Reputation: 4928
I am trying to verify in a data.table object which columns have non-null data (is not NA) values greater than a certain threshold (for example: 5), and subsequently discard the columns which do not pass in the criteria.
Consider the following data:
require(data.table)
DT = data.table(x=rep(c("a","b","c"),each=3), y=c(1,NA,6), v=c(1,2,NA,NA,NA,NA,NA,8,9))
DT
x y v
1: a 1 1
2: a NA 2
3: a 6 NA
4: b 1 NA
5: b NA NA
6: b 6 NA
7: c 1 NA
8: c NA 8
9: c 6 9
In the above example, column v has only 4 non NA values, which is smaller than 5, so I'd like to discard the column:
DT[,c(3) := NULL]
DT
x y
1: a 1
2: a NA
3: a 6
4: b 1
5: b NA
6: b 6
7: c 1
8: c NA
9: c 6
I am needing help to understand the way to go combining the .N
* symbol and 'if statements' with data.table to check an object with many columns.
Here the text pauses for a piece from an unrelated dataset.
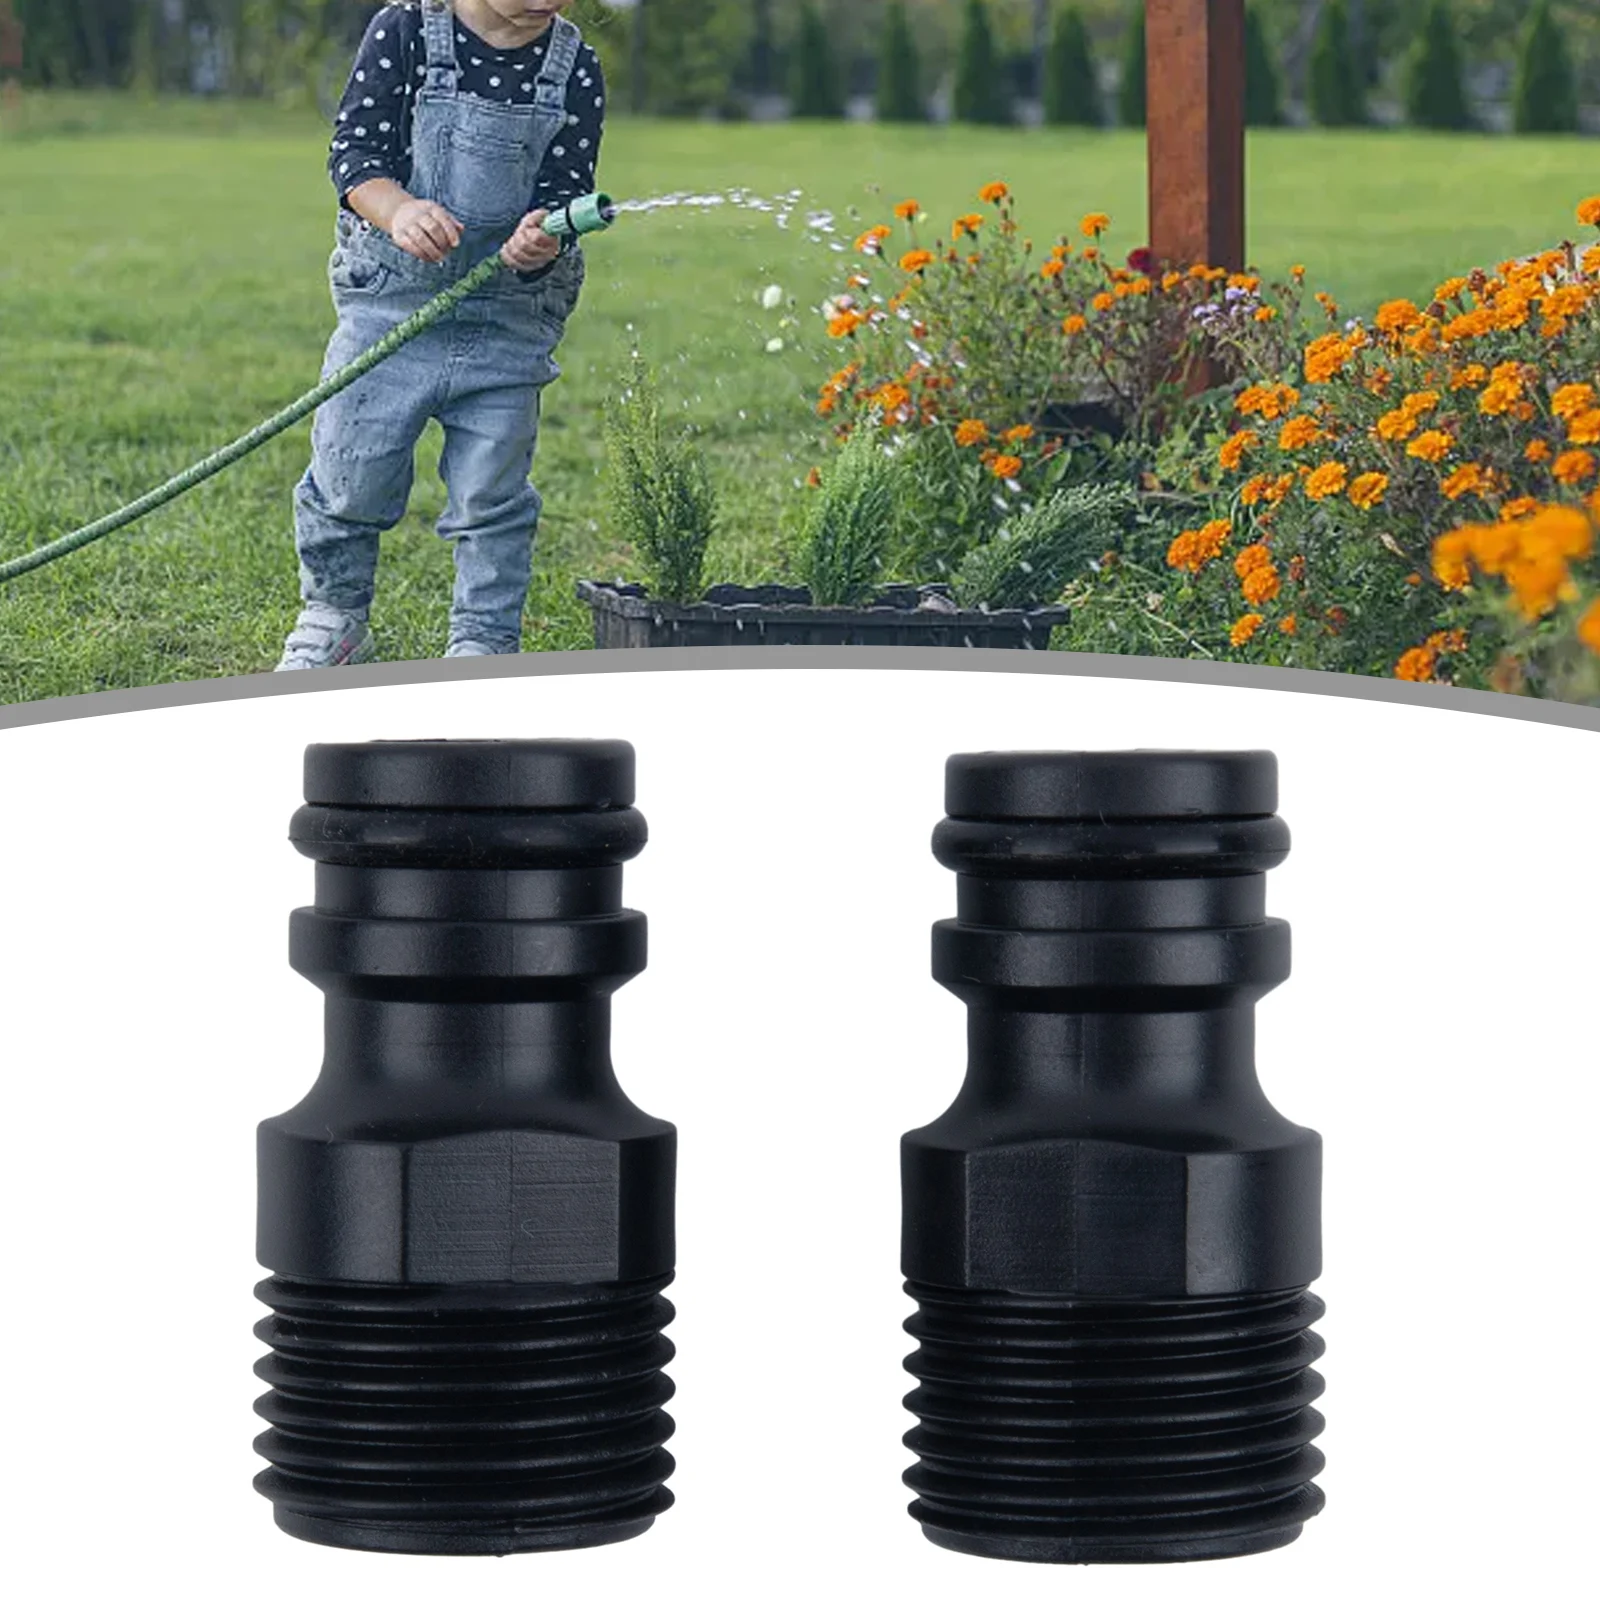 

2 PCS Threaded Tap Adaptors 1/2" BSP Garden Water Hose Quick Pipe Connector Fitting Garden Irrigation System Part Adapters

My question is, how could I do the count programmatically in all columns, and discard only the ones which not pass the criteria? Tks.
*I am not sure if .N
is needed but from previous research I understood this symbol is used for counting inside data.table objects
Upvotes: 1
Views: 1792
Reputation: 49448
Here is one way of doing it:
DT[, which(lapply(DT, function(x) sum(!is.na(x))) < 5) := NULL]
Since data.table
is a list of columns, lapply
loops over the individual columns and applies the required function. After that which
enumerates the columns we're interested in, and :=
removes them.
Upvotes: 3